Sí, porque lo que me hizo cuando le confesé mi homosexualidad fue la cosa más brutal que se le puede hacer a un niño. Hoy en día, aunque en mi corazón quiera perdonarle, no soy capaz de olvidarlo. Volver a ver a mi hermana y a mi madre fue raro. Mi madre sigue en su línea de siempre. Hoy está limpia, está bien, pero sigue siendo una mujer que piensa solo en ella misma, que pide dinero y luego desaparece por varios meses sin contestarte al teléfono. La vida la castigó mucho, pero ella nunca cambió.
¿Con su hermana tiene relación?
Desde entonces nos hemos visto un par de veces. Ahora mi familia en Italia está siendo muy mediática. Desde diciembre no paran de hablar de mi hermana en todos los medios: a su hijo le hicieron un trasplante de corazón y le pusieron un corazón quemado. Falleció en diciembre. El trasplante era de un corazón que no funcionaba. No fui capaz de ir al funeral de mi sobrino, pero, no obstante, la quiero. A mi sobrino ni siquiera lo vi. No fui capaz de volver a Italia, ni a ver a mi familia y, sobre todo, no soy capaz a día de hoy de volver a encontrarme con mi padre.
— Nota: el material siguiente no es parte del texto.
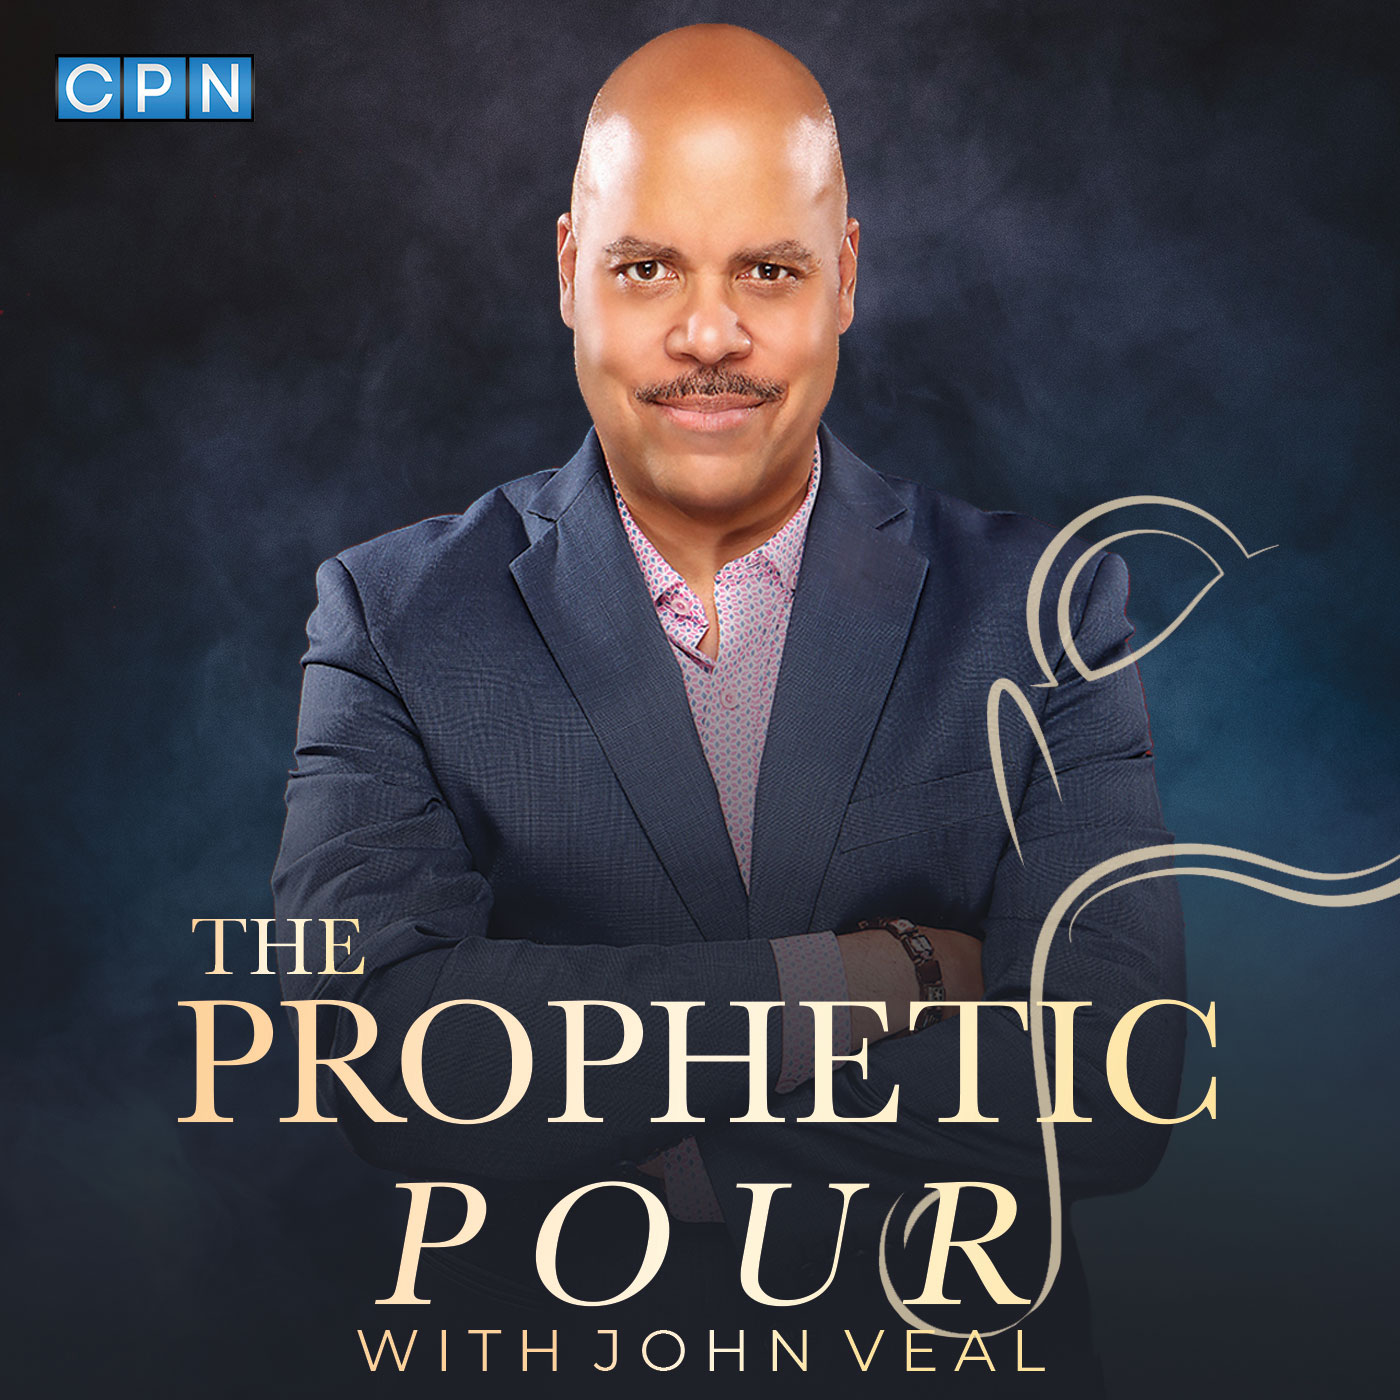 The Devil Knows Your Name! Pt. 2 Was The Prophetic Word That You Received Really From God?

Un momento de la charla del activista LGBTIQ+ ayer en la Plataforma Sociosanitaria. / Vicent Marí
¿Le gustaría destacar alguna parte del libro que sea su preferida?
Sí, creo que cada persona tiene su vivencia: nunca hay que pensar que alguien tiene la vida perfecta. Hay cosas que no se pueden olvidar, pero decides qué haces con tus circunstancias. Lo que cuento en el epílogo final del libro es que he vivido una montaña rusa de emociones, pero por más que mi infancia fuera desesperada y horrible, aprendí mucho. Conocí a un montón de gente buena y la vida es maravillosa. No te puedes encasillar en el papel de víctima todo el rato. Hay que entender que las cosas que te pasan a veces no pasan por una razón, pasan porque tienen que pasar. Lo más importante es vivir el momento aquí y ahora, luchar por tus derechos, por amar a la persona que quieras, por tener los amigos que quieras, para librarte de una situación que no te gusta o para despertarte por la mañana y sonreír.
¿Cambiaría algo de lo que le ha pasado?
No, porque todo lo que me ha pasado me ha hecho la persona que soy hoy en día. Podría haberme quedado en mi pequeño pueblo, haber seguido las raíces de mi familia entrando y saliendo de la cárcel cada dos por tres, o metiéndome en la droga. A lo mejor hoy no estaría vivo, pero no. Al final, la vida me ha dado mucho. Hoy en día vivo aquí en España, un país que adoro, que me ha acogido desde el primer día con los brazos abiertos. Para mí, haber podido casarme con un hombre, poder ir al ayuntamiento a hacer una solicitud y ser padre y haber podido formar mi familia es la cosa más bonita que tengo. Esta pequeña criatura que cuando llego a casa abre la puerta y me dice "te quiero papá". Si todo lo que he tenido que vivir me acaba llevando hasta aquí, lo volvería a hacer mil veces porque hoy soy la persona más feliz del mundo.
¿Qué quiere transmitir con sus charlas?
Compartirles mis vivencias, escucharles. Espero que ellos también se abran y compartan sus vivencias. Y, sobre todo, darles fuerza, esperanza y trasmitirles que se puede. Si tú quieres cambiar tu vida, mejorarla y ser feliz, se puede, mientras puedas abrir los ojos y respirar, hay oportunidad. No importa la edad, tus condiciones, tu enfermedad, tu situación o el dinero. Dos veces en mi vida me he subido a un avión, me he ido a otra parte del mundo sin nada y lo he conseguido. Si yo puedo, viniendo de donde vengo, todo el mundo puede.